Transistors, the cornerstone of electronics, are lossy and therefore consume energy. Researchers from the ETH Zürich and EPF Lausanne have developed transistors targeting high switching speeds and higher output powers. The devices can be used more efficiently as conventional transistors, so as to reduce energy consumption and CO2 emissions.
They consist of complex structures, some of which are only a few nanometers in size, and can be found in most electronic networks: transistors built from semiconductor materials deposited on a supporting substrate such as silicon carbide (SiC). Colombo Bolognesi, Professor for Millimeter-Wave Electronics at the ETH Zürich, and his research group specialize in developing high-performance transistors intended to transmit information as quickly and efficiently as possible. In order to do this, electrons must move through the semiconductor material as fast as possible. Just last year, Bolognesi`s group improved its own speed record for so-called "High Electron Mobility Transistors (HEMTs)" based on Aluminium-Gallium Nitride (AlGaN/GaN) materials depossited on Silicon substrates (see ETH Life article from 09.09.2009). Before then, comparable technologies showed cutoff frequencies of 28 Gigahertz (GHz), but devices built by Bolognesi`s Group in the FIRST cleanroom reached cutoff frequencies as high as 108 GHz.
Bolognesi's team, now in collaboration with the group of Nicolas Grandjean (who is a Professor of Physics at the EPF Lausanne) also explores a new material: instead of using Aluminium-Gallium Nitride, the researchers exploit the favorable properties of a newer material combination consisting of Alumimium Indium Nitride (AlInN/GaN). The advantage here is that AlInN has a significantly larger "forbidden energy gap" than other commonly used semiconductors. The so-called forbidden energy gap is one of the most important properties of a semiconductor material.
Semiconductors featuring a large energy gap can be used to build transistors which operate at much higher temperatures, sustain greater voltage levels, and handle higher signal power levels than possible with smaller gap conventional materials such as Silicon. "Other researchers have already demonstrated that AlInN/GaN HEMT transistors can operate at temperatures as high as 1000 C -- that far exceeds the capabilities of Silicon and even AlGaN/GaN transistors," says Bolognesi.
Until now, AlInN/GaN transistors were however slower than their AlGaN/GaN counterparts. The researchers have now eliminated this problem. They managed to break their own record of 102 GHz, achieved with AlInN/GaN transistors built on Silicon, with an AlInN/GaN transistor built on a Silicon Carbide substrate. In a single step, they increased the cutoff frequency by 41 percent up to 144 GHz. "That is a huge improvement," states Bolognesi with delight. "Imagine for example a sprinter who would suddenly run the hundred meter 40 percent faster." And fresh from the laboratory, as this article is being written, Bolognesi reports that his team just measured cutoff frequencies as high as 200 GHz. "That shatters all records in this research field."
Significant decrease in energy consumption
One possible commercial application of similar transistors could be in the power amplifiers driving wireless transmitter antennaes.

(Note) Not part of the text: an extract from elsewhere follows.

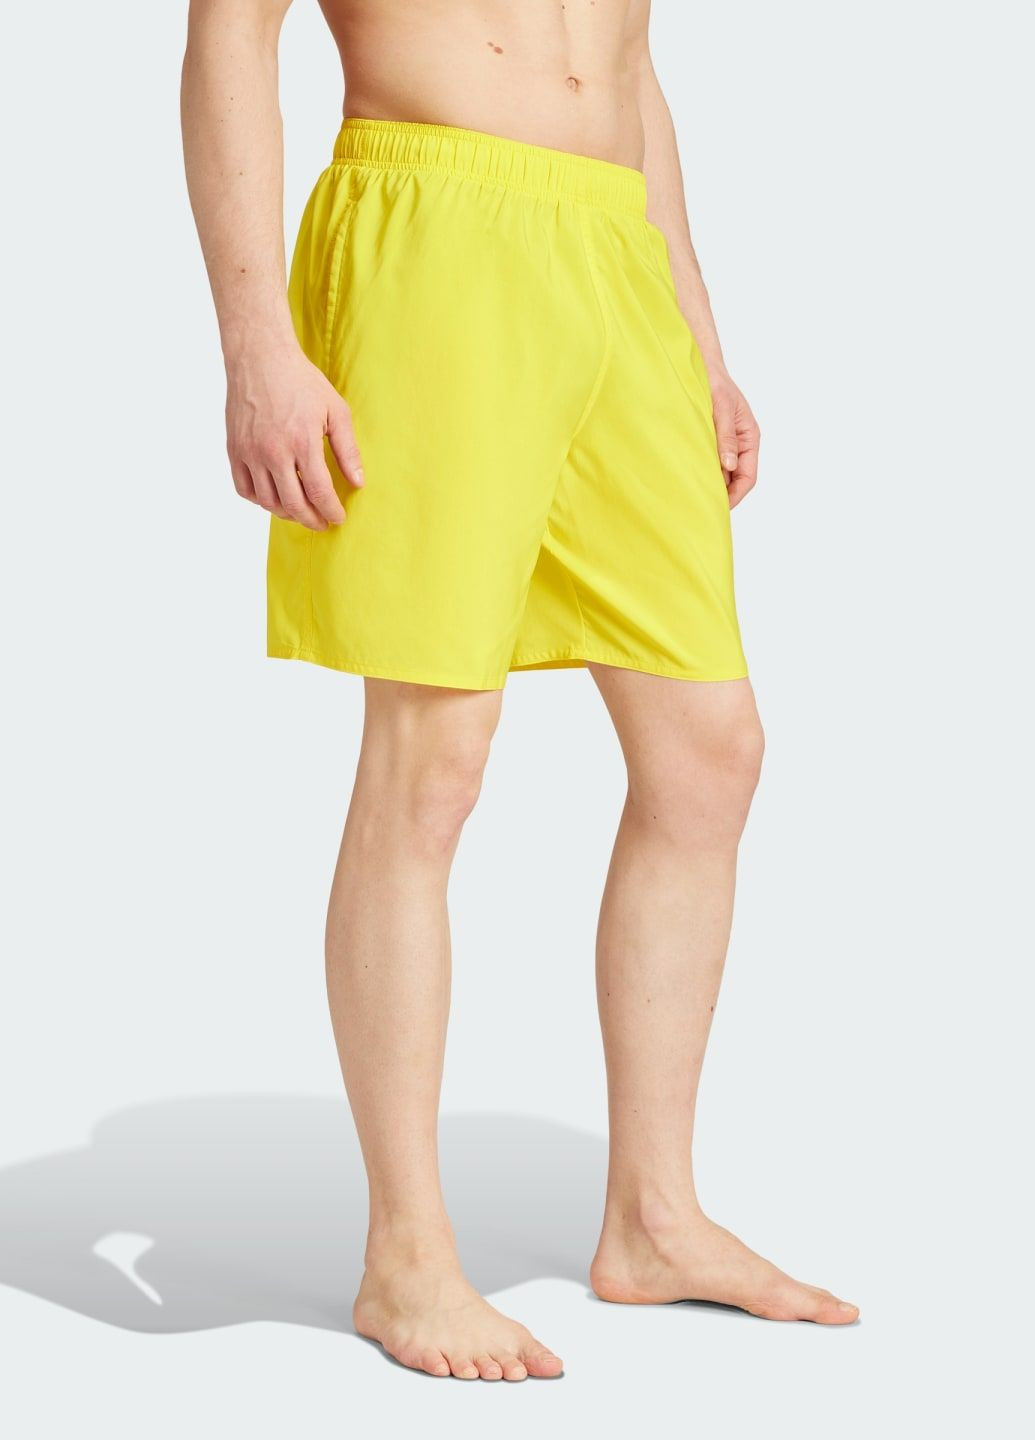 Мужские желтые спортивные плавательные шорты solid clx classic-length adidas

There, Gallium Nitride transistors would help reduce energy costs thanks to their higher efficiency. For example, "a mobile phone operator with 10'000 base stations equipped with conventional power amplifiers consumes on average 30 Megawatt each year, with associated CO2 emissions of 100'000 tons," says Bolognesi. "Roughly 80 percent of that energy is just wasted as heat, and even more if the transmitter equipment must be air conditioned."
By using Gallium Nitride transistors, mobile telephone operators could significantly decrease their energy consumption, and reduce their CO2 emissions by several tens of thousand tons. Note that 10'000 tons of CO2 corresponds to the CO2 emission from 5'000 mid-class automobiles driven for 10'000 kilometers per year. For reference, there is roughly 11'000 wireless base stations currently operating throughout Switzerland.
Bolognesi believes Gallium Nitride based transistors could improve wireless transmitter efficiencies from 15 to 20 percent today, up to 60 percent. The researcher credits the group`s outstanding results to his team`s process know-how and dedication, the outstanding FIRST Laboratory facilities, as well as to the quality of the materials supplied by his EPFL collaborators. Encouraged by their recent achievements, the researchers continue to work with great enthusiam to further stretch the envelope of transistor performances.